A database machine that can analyze over 60 gigabyte raw data per second in the most economical way possible. The Netherlands Organization for Scientific Research (NWO) has granted a budget to the Centrum Wiskunde & Informatica (CWI) in Amsterdam for the development of such an engine. The mission of the research project, that is called SciLens, is to reveal hidden knowledge stored in extensive scientific databases. The required hardware and software for this purpose is not available yet. An important part of the project is to build the SciLens machine, that will be operational at the end of this year.
The leading-edge system is specially configured for database management tasks, such as fast plowing through large amounts of data and is mainly composed of energy-efficient components. The machine is distinguished from supercomputers by a heavy emphasis on a good balance between I/O bandwidth and the required CPU power for database tasks, known as Amdahl-blades.

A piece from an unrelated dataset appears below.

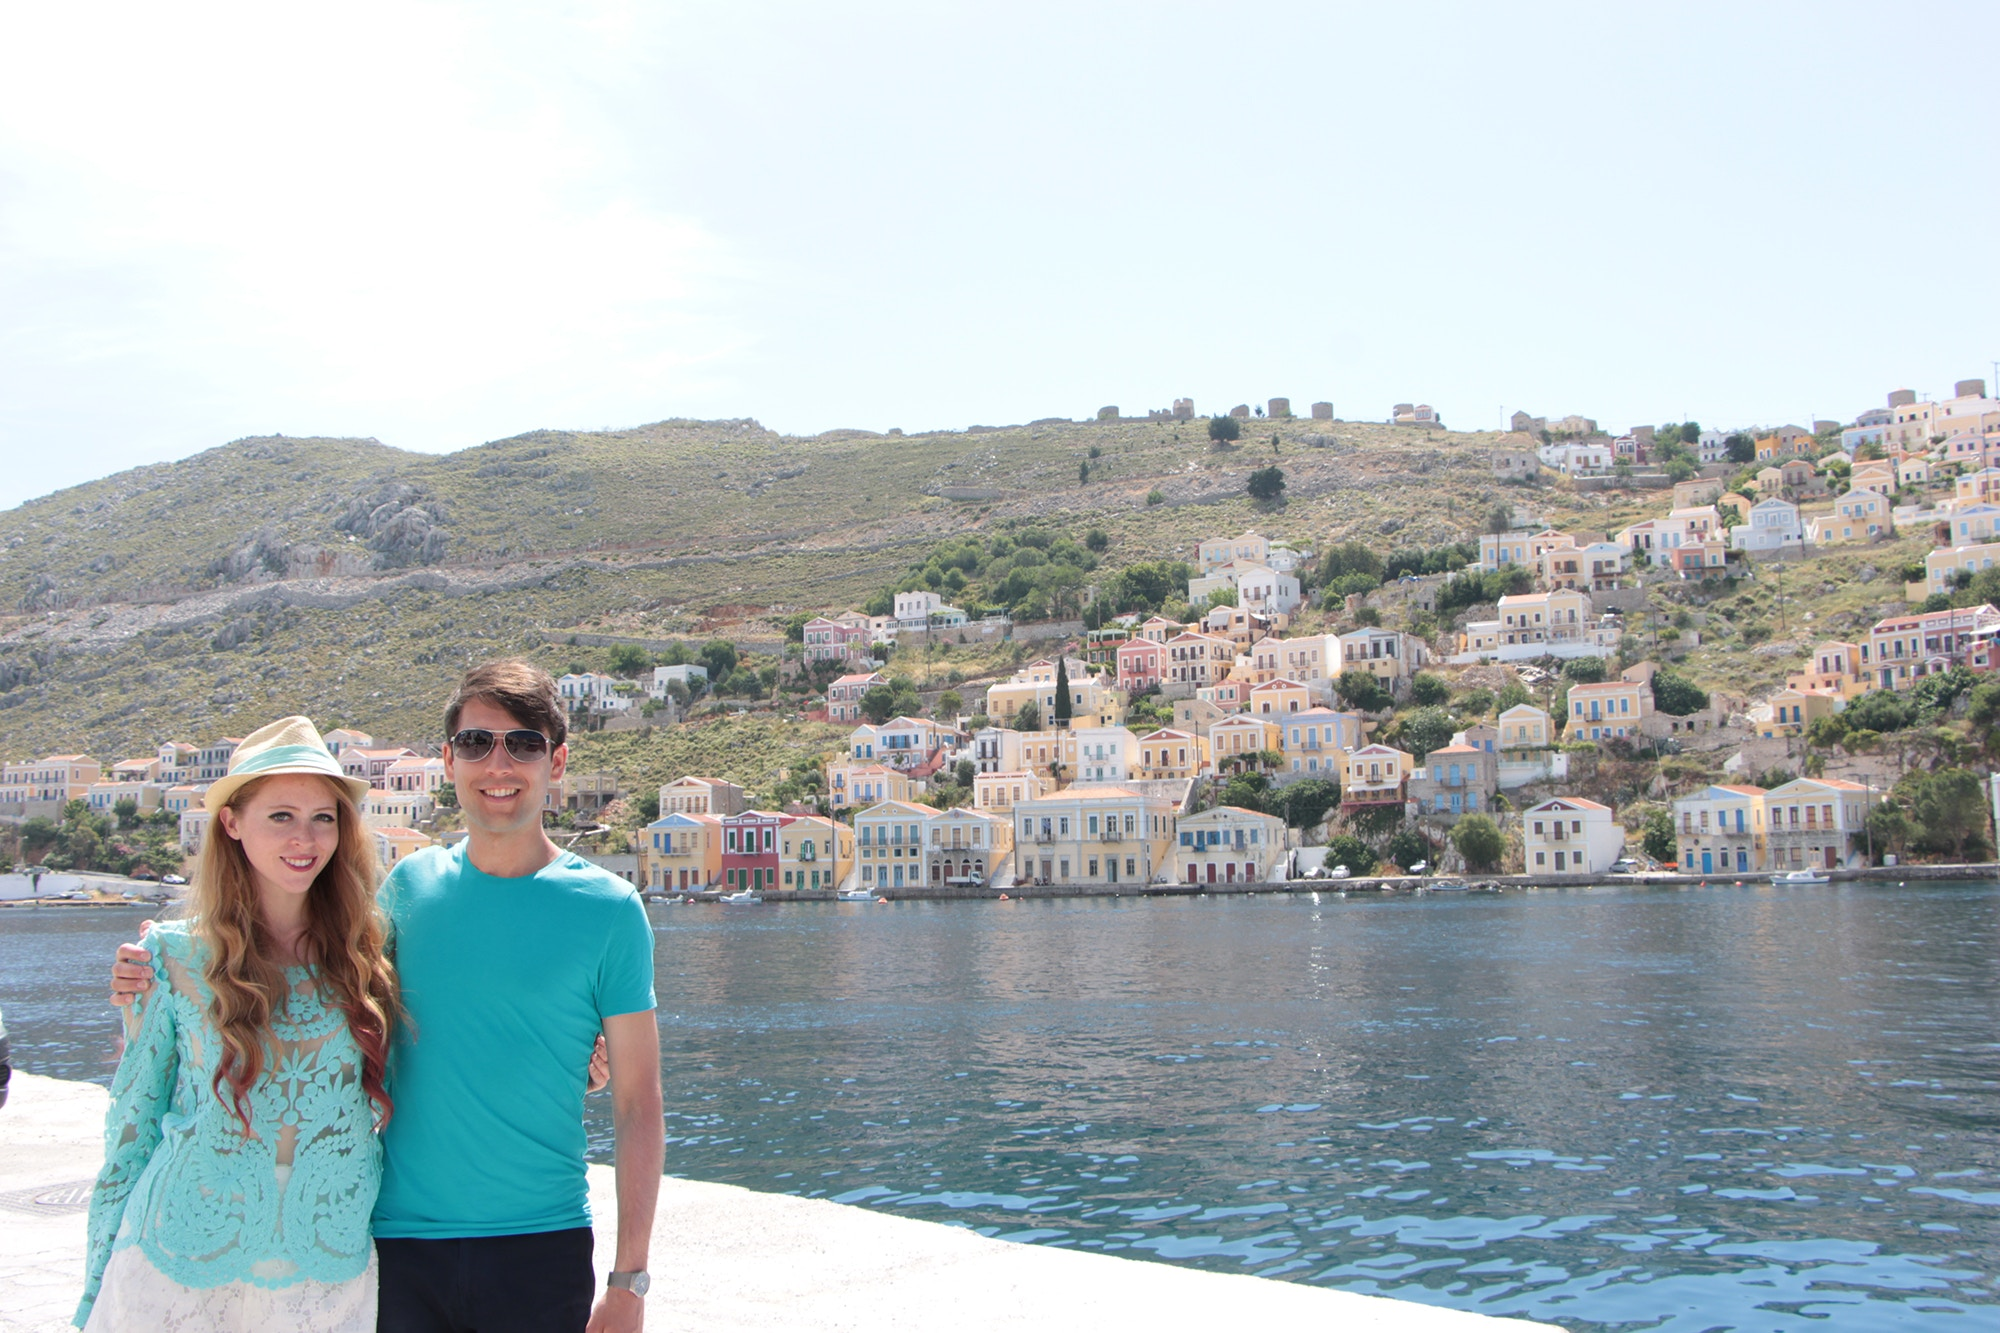 symi greece together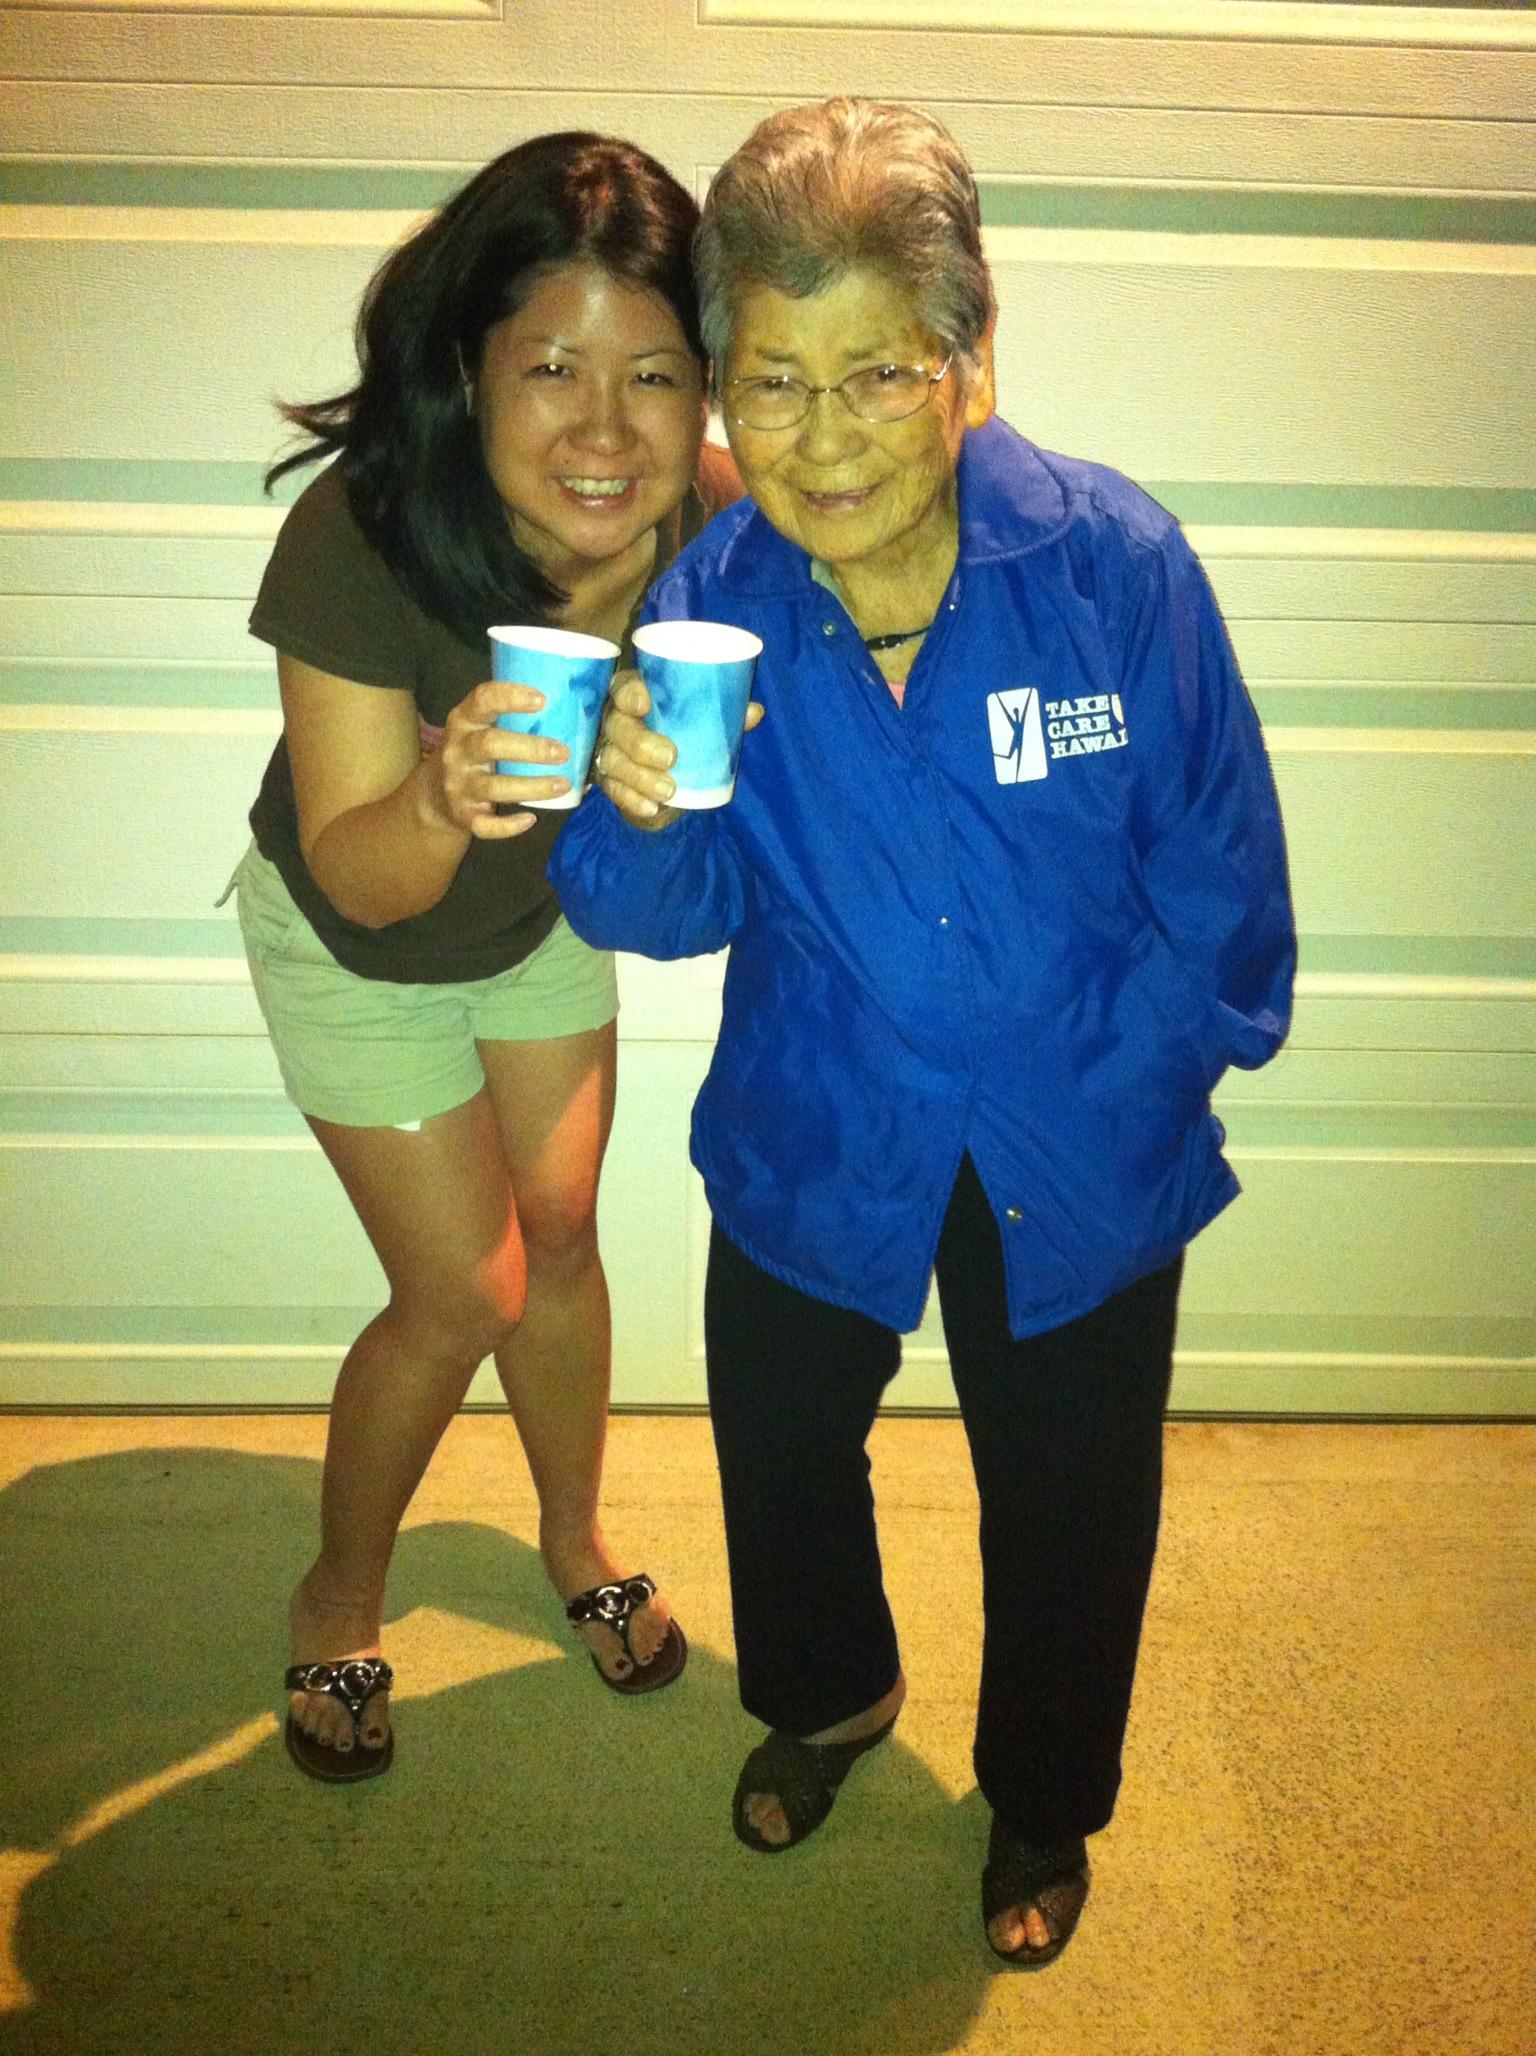 Founder Lori Shen and her 96 year old Grandma enjoying the start of 2019.

There are applications in different research areas such as seismology, astronomy, remote sensing, data mining and fraud detection in social networks. In early 2010 at the Chili earthquake, seismologists collected two terabytes of data. With a normal computer it is almost impossible to quickly search and analyze this data. A complete scan takes the SciLens machine only 30 seconds.
“A main difference with an internet search engine is that SciLens can literally find a needle in a haystack without having indexed it first,” says Martin Kersten from CWI and the initiator of the project. “Using Google, the haystack is divided into hay bales beforehand and each bale has a sign, telling what is inside. The SciLens machine can process data rapidly without having prior information of what is searched for.”
The SciLens machine is built like a pyramid with four tiers. Each tier has a different type of computer, from 256 energy efficient Intel Atoms to sixteen high-end servers. Every tier has a total of one terabyte memory and 128 terabyte hard disk space available. A superfast Infini-band network enables the database system to use this distributed memory as a ring buffer, making it possible to process over 256 gigabyte per second. The top consists of a single system with a terabyte of memory. It will take about two years before such a system will be available on the market.
According to Kersten, the biggest challenge in the construction is to find the right balance in the components in context of the intended database software MonetDB. His ideal is that elements from the bottom tier will be an example for a MonetDB database machine with the size of a shoebox and a capacity of ten terabyte that every scientist can afford to apply in his search in the abundance of observations. When the SciLens machine is operational, it will become available for research of CWI and its partners.